Returns the ALPS plots of up to 4 images in the video taken by ImageSeries.

Parameters:

frames (int or list) – Indices for frames in image series.

Raises:
  • TypeError – If type is not int nor list.

  • ValueError – If more than 4 frames are given.

Return type:

None.

fit(sigma=None, max_death_pixel_int=True, print_time=True)[source]

Fit method for ImageSeries object.

Optional Gaussian smoothing with sigma parameter.

The argument max_death_pixel_int controls whether or not the maximum death time is the largest pixel value (within an image), or the largest finite death time (within an image).

get_alps()[source]

Get ALPS statistic of each image frame from fitted object.

get_degp_totp(p=1, inf=False)[source]

Get degree-p total persistence of each image frame from fitted object.

get_pers_entr(neg=True)[source]

Get persistent entropy of each image frame from fitted object. For hypothesis testing purposes, the default is negative of the entropy

plot_im(frame, plot_poly=True, plot_pts=True, smooth=True, thr=None, **kwargs)[source]

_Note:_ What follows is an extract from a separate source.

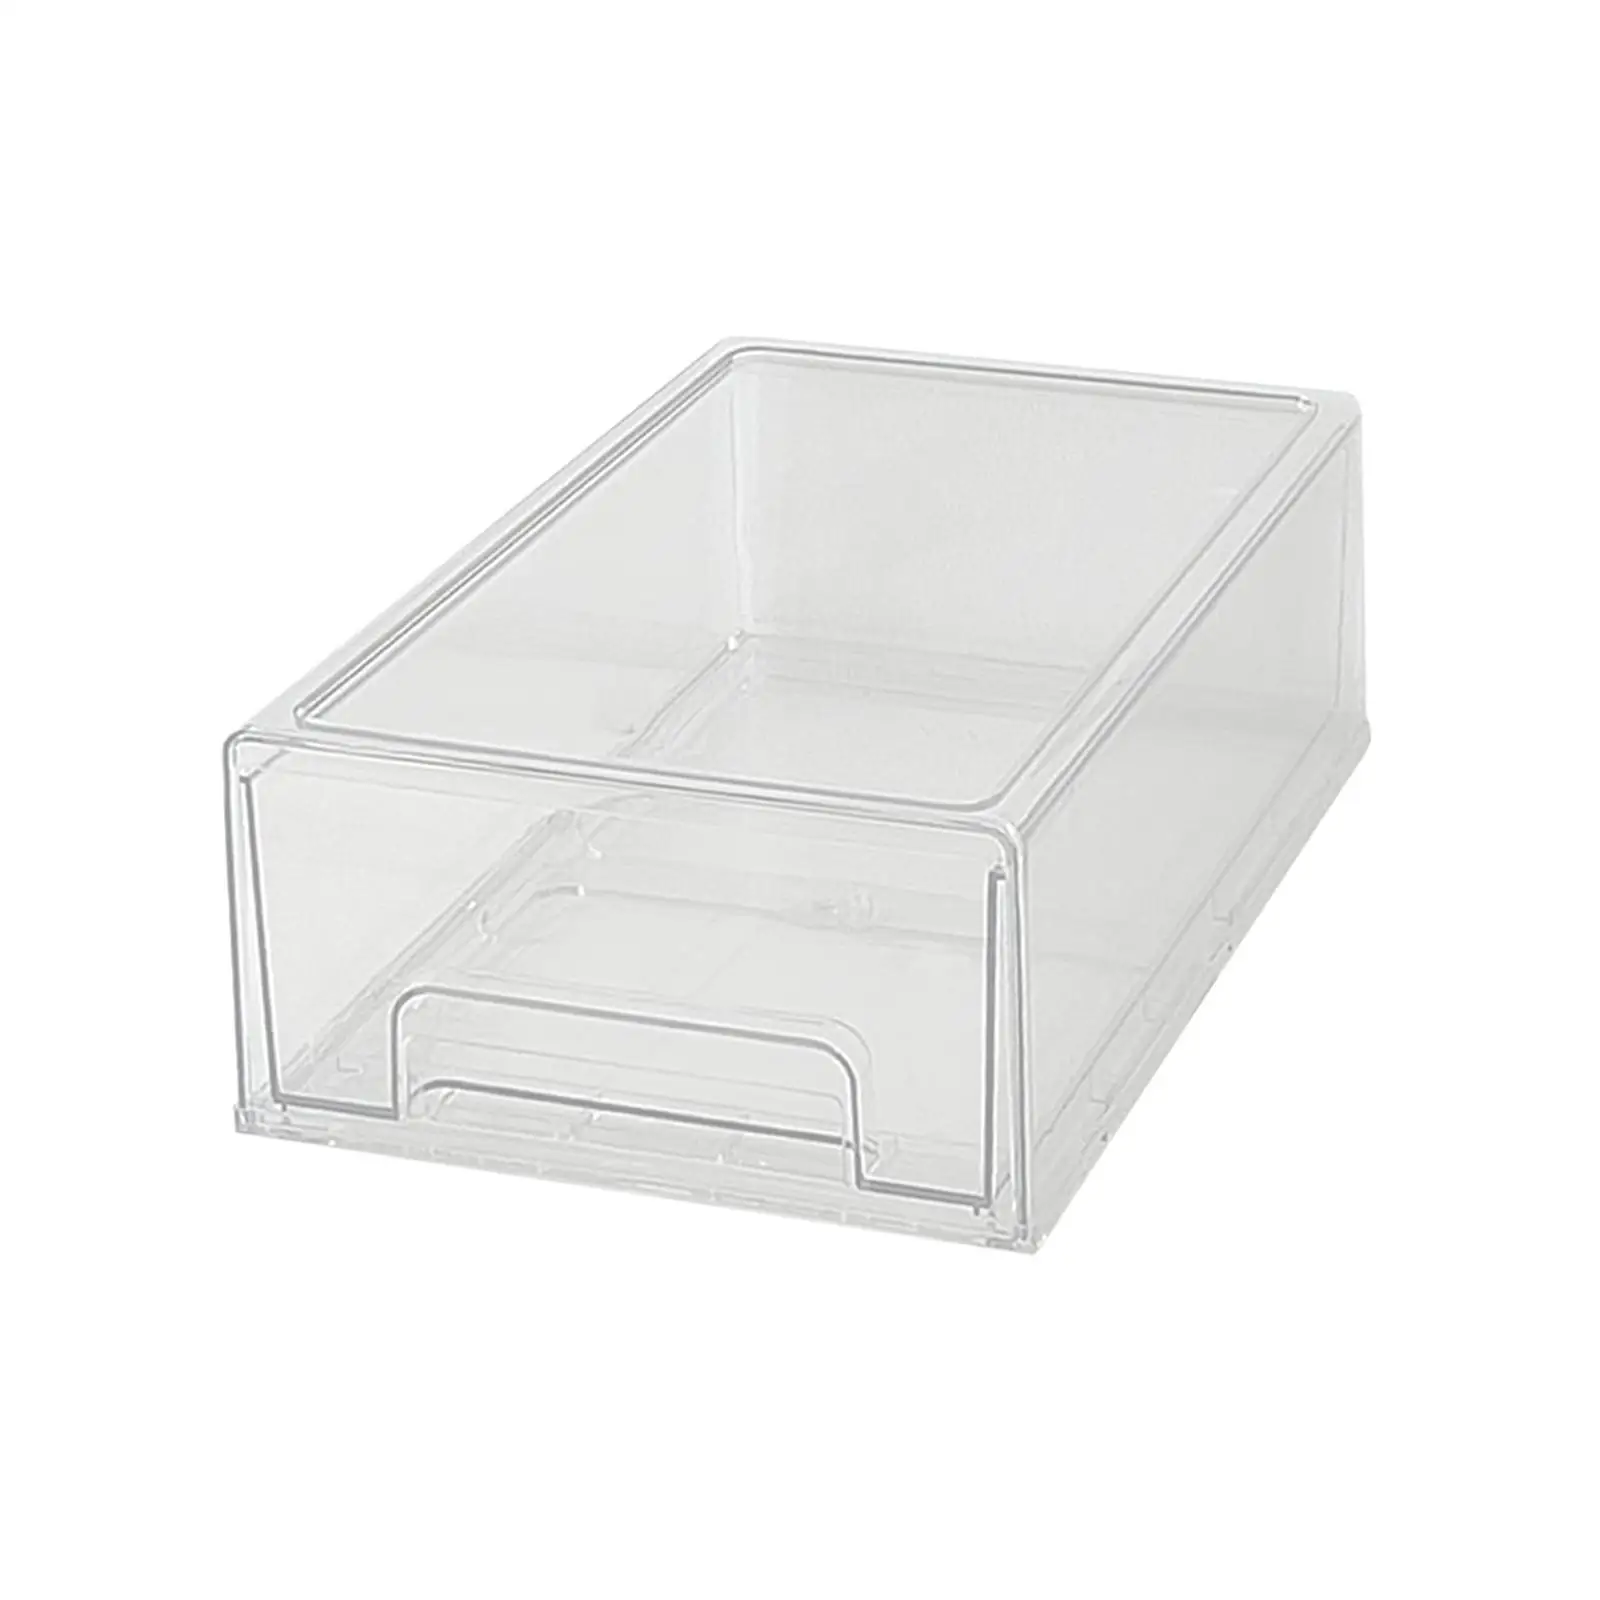 Acrylic Storage Drawer Case Transparent Waterproof Clear Desktop Drawer Organizer for Dresser Closet Countertop Office Desktop

Plot an individual frame in the video, with or without the polygonal region superimposed

class detectda.ImageSeriesPickle(file_path, div=1, n_jobs=None)[source]

Bases: ImageSeries

Creates ImageSeries object from .pkl file. Designed for use with output of identify_polygon script.

class detectda.ImageSeriesPlus(video, polygon=None, div=1, n_jobs=None, im_list=False)[source]

Bases: VidPol

Reads in an image series (video), either a single or multiple frames.

May optionally specify polygonal region, held constant across frames, in which to select specific generators in persistent homology. Similar to ImageSeries, but with enhanced functionality for utilizing BOTH 0- and 1-dimensional persistent homology.

Parameters:
  • video (array_like) – Image series. Index on axis=0 represents the frame index, unless a single image (2d array) is provided.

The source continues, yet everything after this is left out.